Now it was Jenny’s turn to feel smug about knowing something her brother didn’t. “You’re going as Arminius?” she asked, “as in the German hero celebrated by the Nazis who built statues to him?”
“What?”
“I took a class on Nazi Germany in college. We learned about this guy. He was like a folk hero for the Nazis.”
“I didn’t know that.”
“You can’t go as him. People are going to think you’re a neo-Nazi skinhead.”
Rocky looked crestfallen. “What am I supposed to go as for Halloween?” he asked.
“I don’t know but you can’t go as that.”
“I don’t have anything to wear.”
“Just wear some random camo or something and be a hunter. You’ve got plenty of that stuff. C’mon, we don’t have much time. Mom and Dad will be home soon and then we’ve got to get over to Lisa’n’Andy’s house.”

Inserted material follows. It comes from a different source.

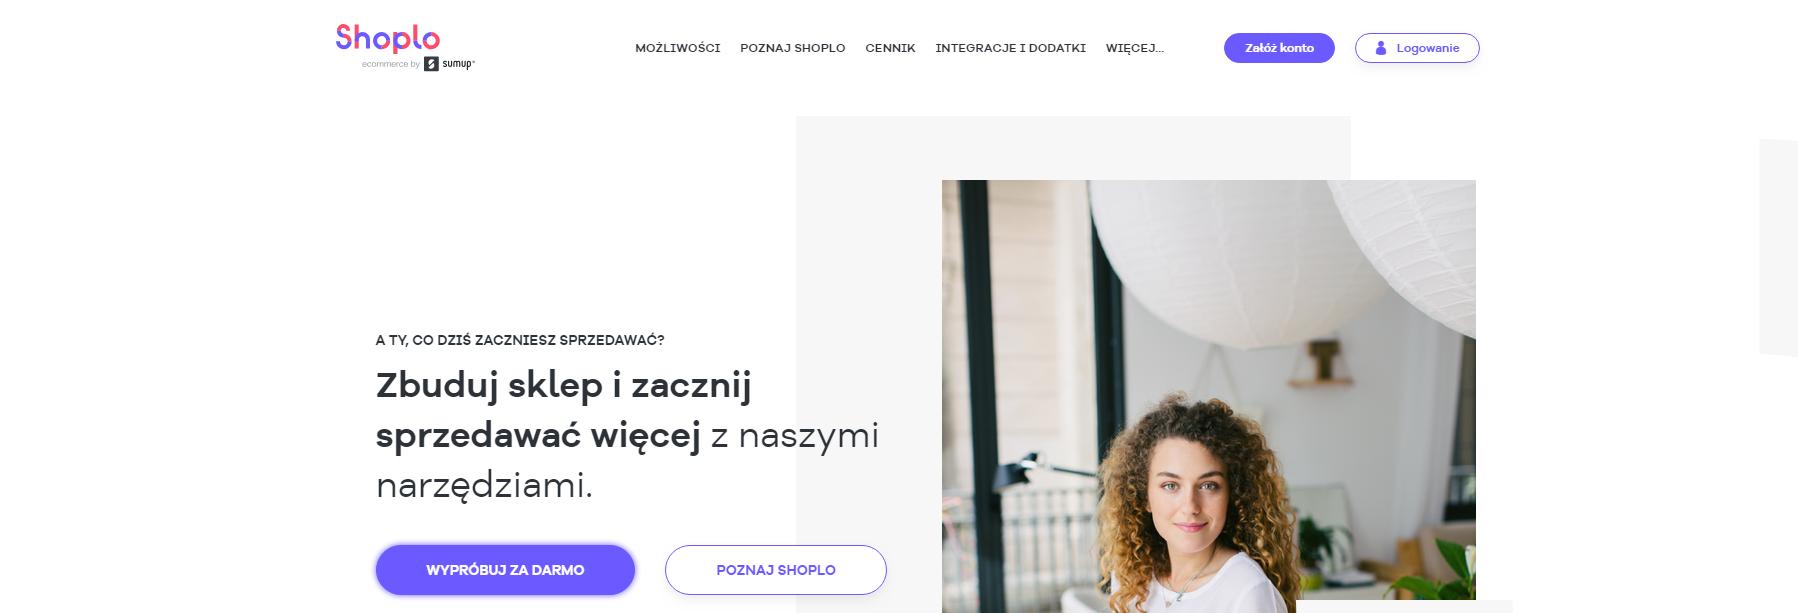 Platforma SaaS Shoplo

On Halloween, Rocky and Jenny took Georgie out trick-or-treating in the neighborhood. Rocky wore the same camo jacket he’d worn the night before to the party. A few people had made fun of him for not having a costume, so he’d doubled down on insistence that his jacket did count as a real costume. At one house, situated at the base of a small cul-de-sac in their parents’ neighborhood, an elderly gentleman and his wife who were handing out Halloween candy asked Jenny what Georgie’s costume was supposed to be.
Glancing at Rocky in his camo, then at Georgie in her blue jean jacket and baseball hat with a couple Sam’s Club stickers pulled off of water bottles, then finally at herself in her clown costume, Jenny said, “You know how families do themed costumes sometimes?”
“Yeah.”
“Well, she’s Sam’s Club, my brother’s Gander Mountain, and I’m Ronald McDonald.”